ElevenLabs founder and CEO Mati Staniszewski says voice is the next major interface for AI — the way people will increasingly interact with machines as models move beyond text and screens.
Speak in Web Summit in DohaStaniszewski told TechCrunch voice models like those developed by ElevenLabs recently moved beyond just mimicking human speech — including emotions and intonation — to work alongside the reasoning capabilities of large language models. The result, he says, is a change in the way people interact with technology.

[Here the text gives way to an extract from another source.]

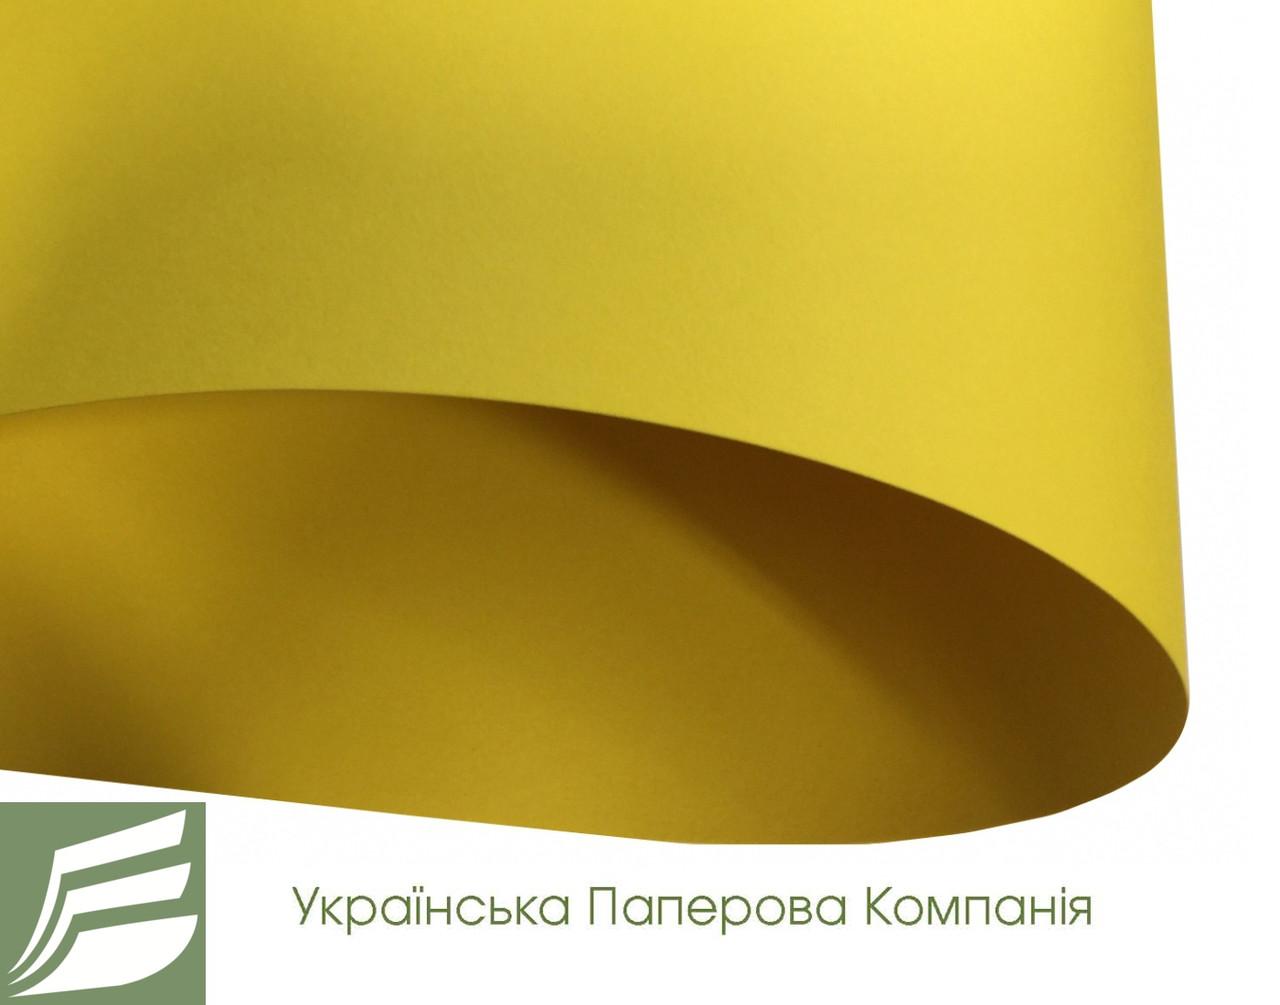 Дизайнерский картон Creative board, матовый желтый, 270 гр/м2

In the next year, he said, “hopefully all the phones will be back in our pockets, and we can immerse ourselves in the real world around us, with the voice as the mechanism that controls the technology.”
That vision led to ElevenLabs $500 million raise this week with a value of $ 11 billion, and increasing in the AI industry. OpenAI and Google both are making sound the main focus of their next-generation models, while Apple seems to be quietly building technology next to sound and is always active through acquisitions like Q.ai. As AI spreads to wearables, cars, and other new hardware, control becomes less about tapping the screen and more about speaking, making voice a key battleground for the next phase of AI development.
Iconiq Capital general partner Seth Pierrepont echoed that view on stage at Web Summit, arguing that while screens will continue to be important for gaming and entertainment, traditional input methods like keyboards are beginning to feel “outdated.”
And as AI systems become more agentic, Pierrepont says, those interactions will also change, with models gaining the fences, integrations, and context needed to respond to the less obvious demands of users.
Staniszewski pointed to the agent change as one of the biggest changes he’s made. Instead of spelling out each instruction, he said future voice systems increasingly rely on persistent memory and context built over time, making the interaction feel more natural and requiring less effort from the user.
Techcrunch event
Boston, MA
|
June 23, 2026
That evolution, he added, will affect the way voice models are deployed. While high-quality audio models generally live in the cloud, Staniszewski said ElevenLabs is pursuing a hybrid approach that mixes cloud and on-device processing — a move aimed at supporting new hardware, including headphones and other wearables, where sound is a constant companion rather than a feature you choose to engage with.
ElevenLabs has partnered with Meta to bring voice technology to products including Instagram and Horizon Worlds, the company’s virtual reality platform. Staniszewski said he would also be open to working with Meta on Ray-Ban’s smart glasses as voice-driven interfaces evolve into new form factors.
But as voice becomes more persistent and embedded in hardware every day, it opens the door to serious issues about privacy, surveillance, and the amount of personal data that voice-based systems will store as they approach the daily life of users – something. companies like Google has been accused of torture.